Setting up a project to work with FsLexYacc

Let's start with a brand new F# console app:

mkdir lexing-and-parsing
cd lexing-and-parsing
dotnet new console -lang=F#
dotnet run

That should give us the default console output:

Hello world from F#

In order to use the F# lexer and parser we'll need to add the FsLexYacc nuget package as a reference. So our next step is to run:

dotnet add package FsLexYacc

The way lexing and parsing works in F# is by generating F# code from two files, a .fsl one that contains the rules for the lexer and a .fsy one that contains the rules for the parser.

Lets create them:

echo '' > Lexer.fsl
echo '' > Parser.fsy

Next we'll need to edit the .fsproj file and add these two lines in the <PropertyGroup>

    <FsLexToolExe>fslex.dll</FsLexToolExe>
    <FsYaccToolExe>fsyacc.dll</FsYaccToolExe>

and these ones in the <ItemGroup>

    <FsYacc Include="Parser.fsy">
      <OtherFlags>--module Parser</OtherFlags>
    </FsYacc>

    <FsLex Include="Lexer.fsl">
      <OtherFlags>--module Lexer --unicode</OtherFlags>
    </FsLex>

    <Compile Include="Parser.fsi" />
    <Compile Include="Parser.fs" />
    <Compile Include="Lexer.fs" />

What these changes do is basically tell the F# compiler that it has the fslex and fsyacc tools at it's disposal and it will have to run the transformation of the Lexer.fsl and Parser.fsy files before the compilation starts. We can even specify the module name that the generated code is part of. I chose to keep it simple with Lexer and Parser.

You will notice also that we are including three files (Parser.fsi, Parser.fs and Lexer.fs) that don't exist as references in our project. These files will be generated from our .fsl and .fsy files by the lexer and parser tools as the output of the transformation I mention above.

At this point our project is setup to use the lexer and parser however since we don't have anything in the Lexer.fsl and Parser.fsy files the compilation will fail.

So lets add something!

Basic lexing

Lexing is the process of taking raw text and converting it into a sequense of tokens. A token is a string with an assigned meaning.

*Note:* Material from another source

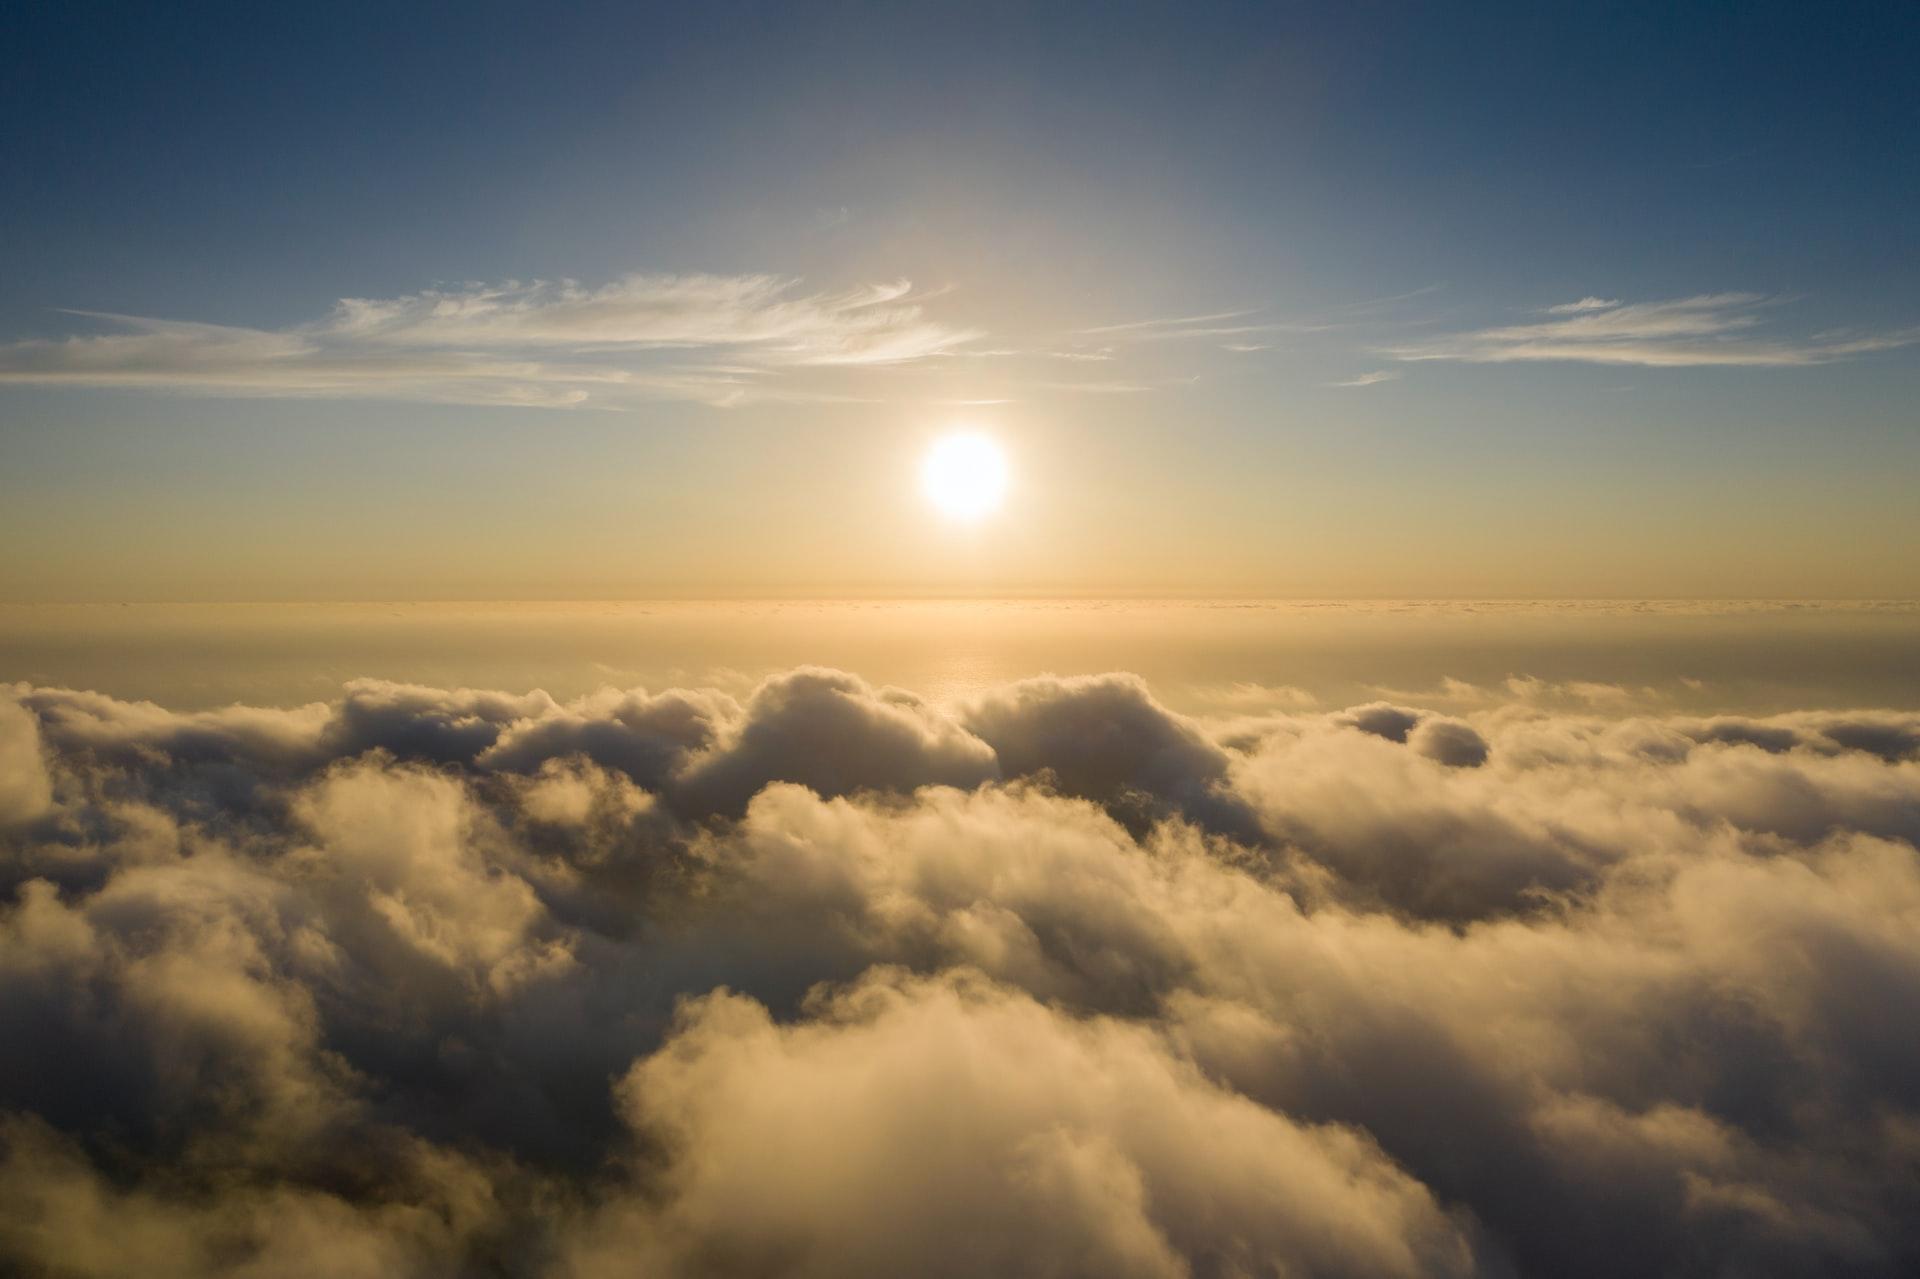 天 の 時 は 地の利 に 如 かず 地の利 は 人 の 和 に 如 かず

In our case we'll try to create a lexer and parser that will do something basic, evaluate simple mathematic operations. i.e. 1 + 1 should return 2, -1 + 2 = 1, (1 + 2) - (4 + 1) = -2 etc

So, our lexer should identify these tokens:

Number
Operator
Left Parenthesis
Right Parenthesis
End of input

This is the finished Lexer.fsl that tokenizes according to the above rules.

{
open FSharp.Text.Lexing
open Parser

let lexeme lexbuf = LexBuffer<_>.LexemeString lexbuf
}

let digit = ['0'-'9']
let operator = ['+' '-' '*' '/']
let whitespace = [' ' '\t']

rule tokenize = parse
| whitespace        { tokenize lexbuf }
| ['-']?digit+      { Number ( System.Int32.Parse( lexeme lexbuf ) ) }
| operator          { OP ( lexeme lexbuf ) }
| '('               { LPAREN }
| ')'               { RPAREN }
| eof               { EOF }
| _                 { lexeme lexbuf |> sprintf "Parsing error: %s" |> failwith }

Let's go through it and I'll explain it bit by bit.

First bit:

{
open FSharp.Text.Lexing
open Parser

let lexeme lexbuf = LexBuffer<_>.LexemeString lexbuf
}

I mentioned earlier that Lexer.fsl isn't written in F# but a custom language. That is true for the rest of this file but not for the bits between the { and }

Here we using F# to open the FSharp.Text.Lexing namespace that we need to access the input buffer LexBuffer that allows us have a look into what part is being tokenized.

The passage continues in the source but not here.